While financial statements in the USA are intended to be general
purpose, they are heavily influenced by the information needs of private investors, who
are the principal providers of external finance in a predominantly free-market economy.
Thus financial reports prepared by management seek to provide information that is useful
to investors in assessing the amounts, timing and uncertainty of future cash flows that
are of interest to them. This contrasts sharply with financial reports that are aimed at
complying with statutory reporting requirements of government or fiscal authorities.
Accounting and reporting standards are promulgated largely through
the efforts of private professional bodies and enforced through public sector actions. The
primary objective is to provide a commercial, as opposed to legalistic, framework for
accounting prescriptions. To be effective, they must prove acceptable to the major users
of accounting information, with variations in the application of accounting standards
being revealed primarily through full and fair disclosure. The major standard-setting body
at present is the Financial Accounting Standards Board (FASB); other important bodies
include the Financial Accounting Foundation (FAF), which appoints members of the FASB,
funds their activities and exercises general oversight, and the Financial Accounting
Standards Advisory Council (FASAC), which consults the FASB on major issues and organizes
working task forces.
The US approach to promulgating accounting standards is a direct
consequence of its unique reporting environment. Accounting measurements embodies in US
accounting standards differ from those formulated elsewhere for similar reasons.

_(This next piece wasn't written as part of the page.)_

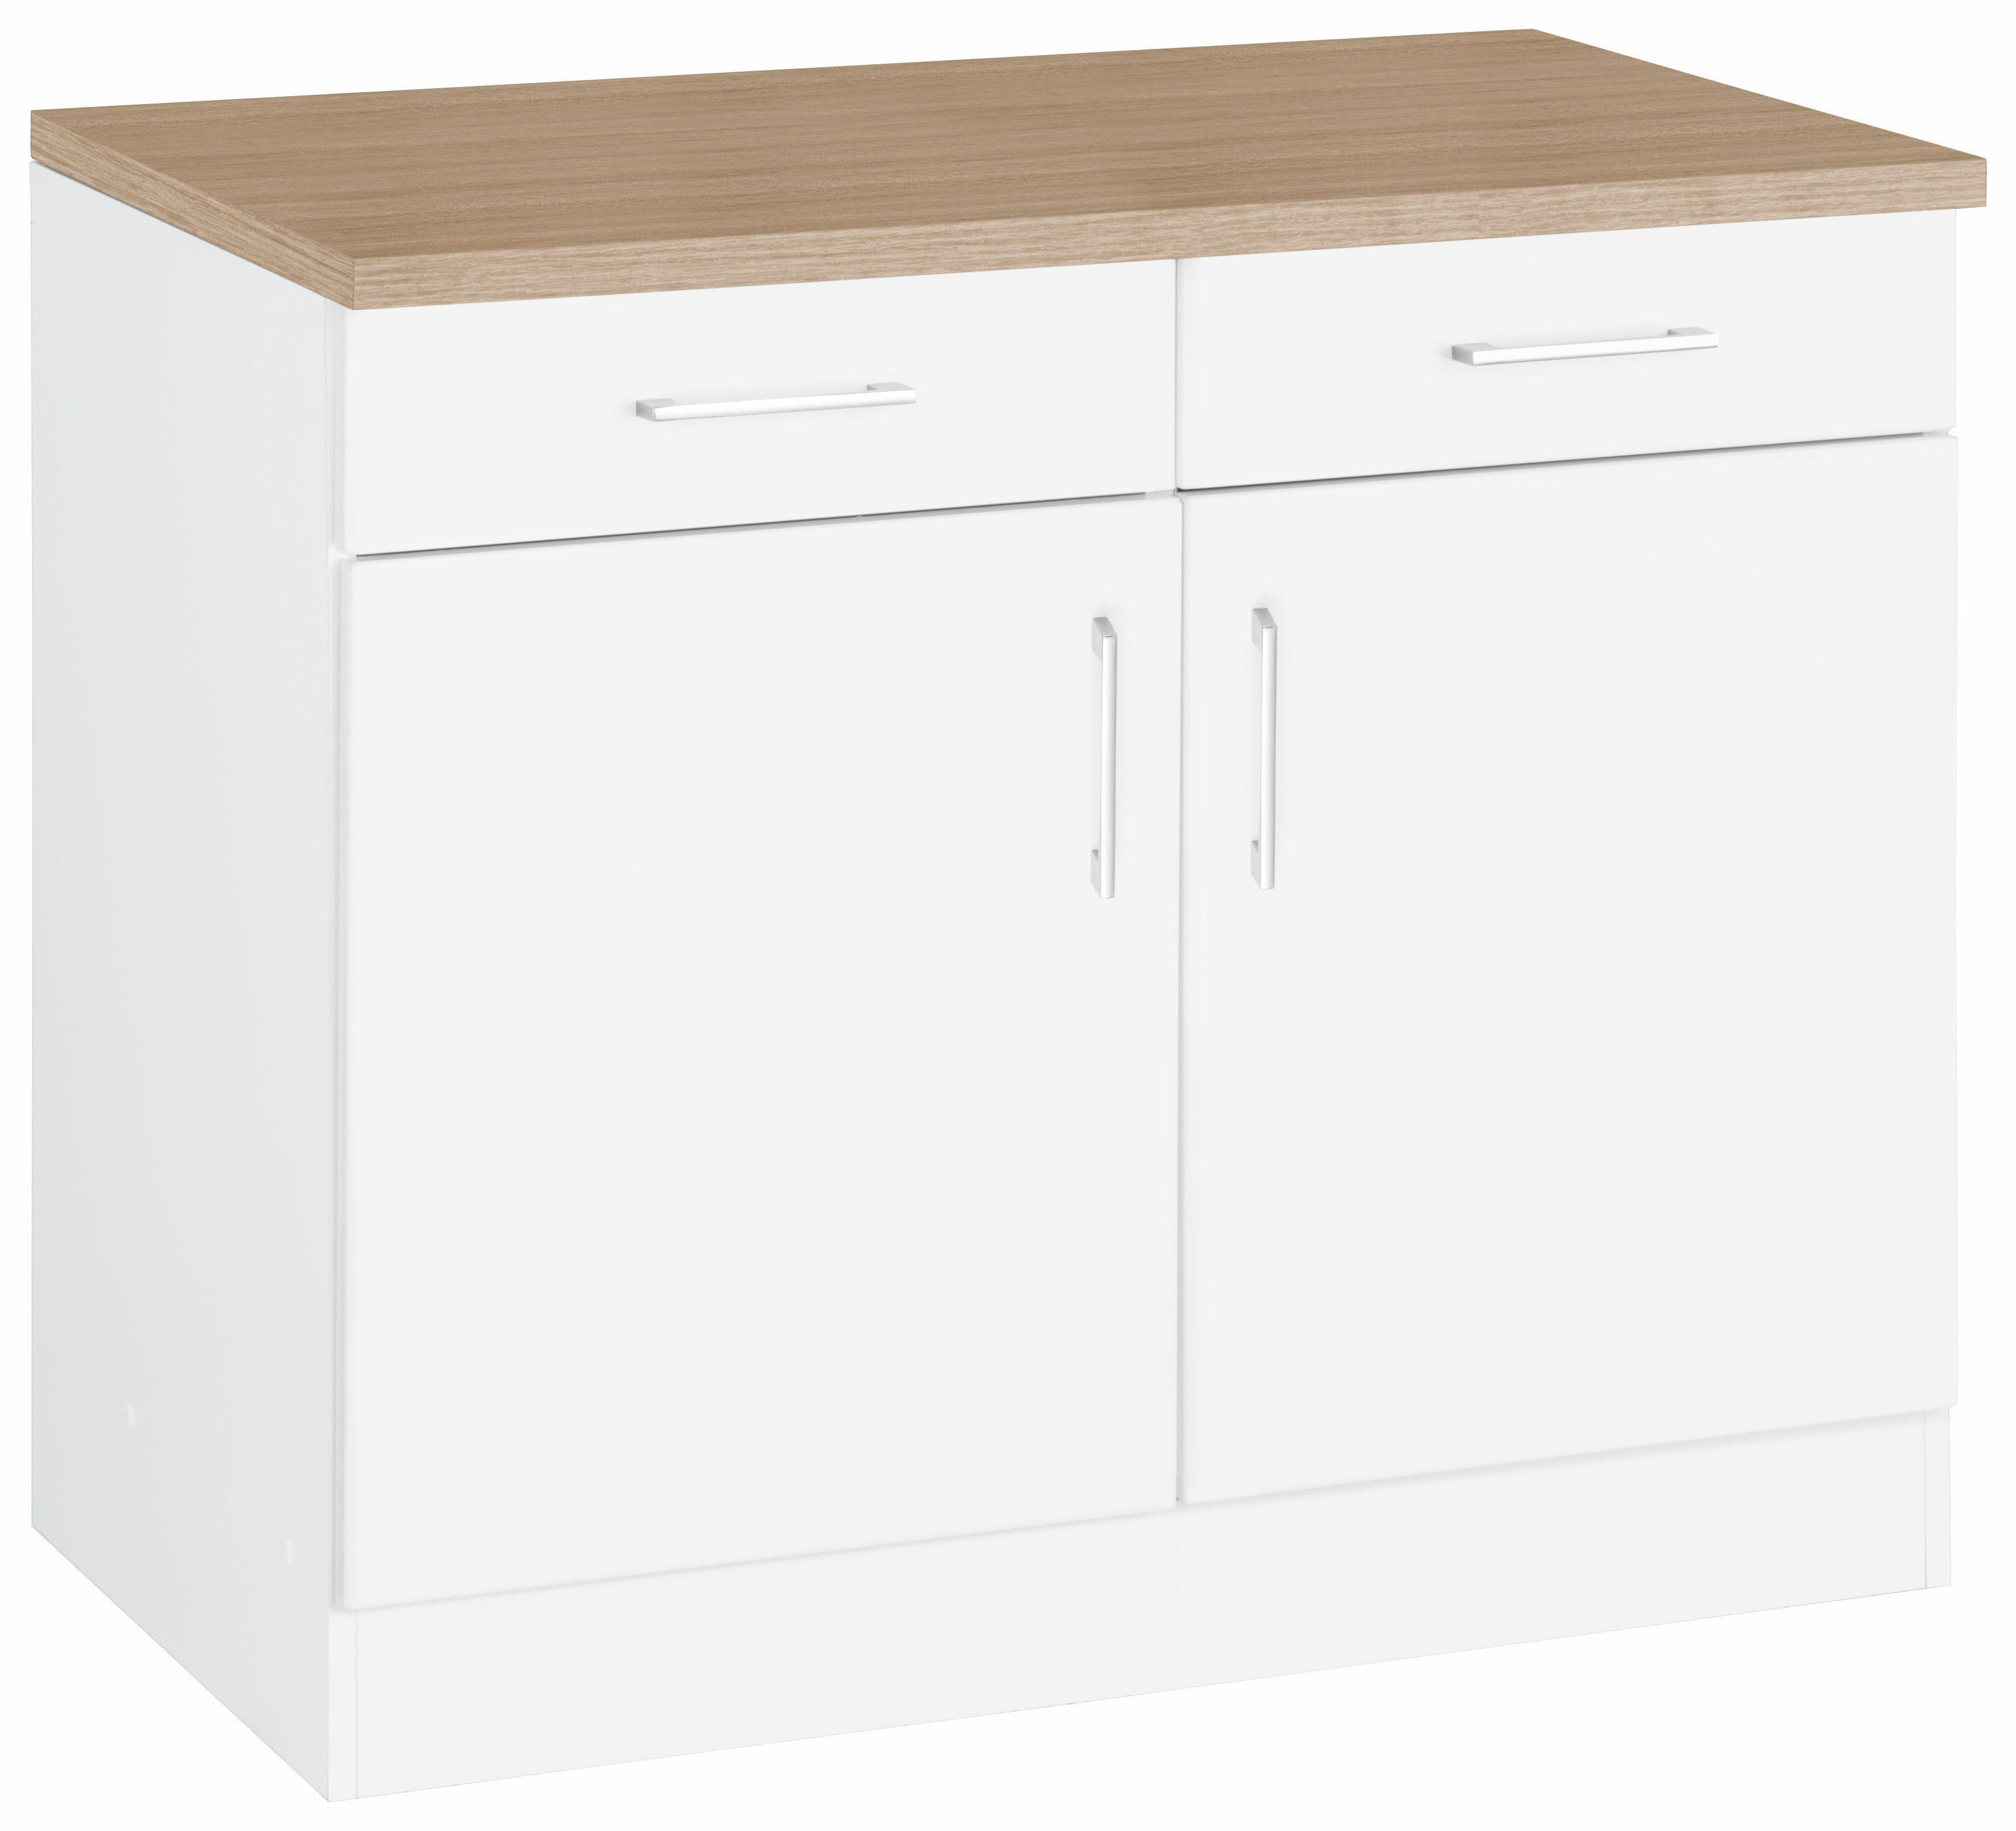 Ikea kuche unterschrank 100 for Ikea kuchen unterschrank

Asset
valuation is less conservative and more pragmatic than elsewhere, for example, and the use
of discretionary reserves is not permitted, as it is in Germany, Japan, Sweden and
Switzerland.
Independent auditors provide a credibility check on management's
financial representations by rendering an opinion as to the reliability and fairness of
those representations. They are legally liable to third parties if found negligent in
performing their duties. The threat of lawsuits may be viewed as a free-market response to
real or perceived audit failures in the USA.

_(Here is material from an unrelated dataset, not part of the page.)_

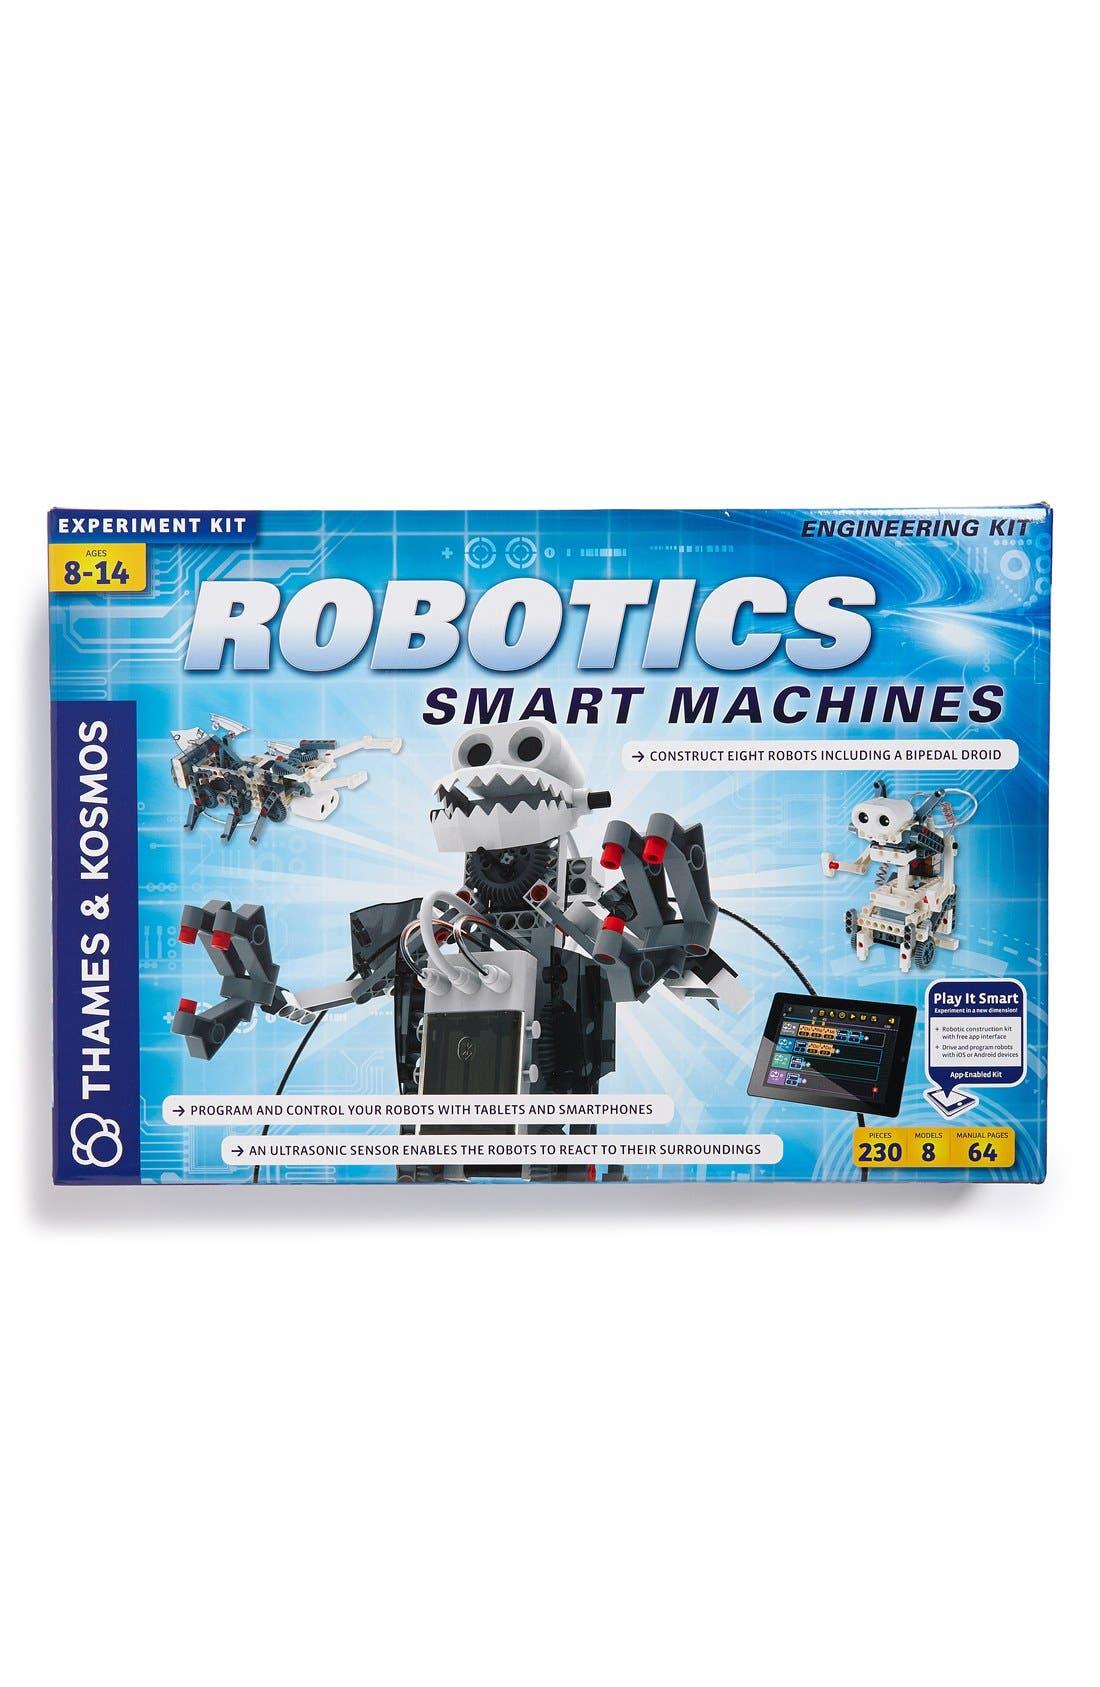 Thames & Kosmos 'Robotics Smart Machines' Kit

Accounting and financial reporting in the USA are heavily influenced
by the information needs of capital suppliers. This contrasts sharply with financial
reports that are designed to serve more macro-oriented needs. In the face of international
differences in accounting and reporting, demands for increased accounting uniformity are
appealing. Statement readers, however, should not be fooled by international standards
that paper over reporting differences that are environmentally-based. While accounts which
conform to German, US or other codes can be restated to conform to some internationally
accepted nor, the resulting measures could mislead rather than inform.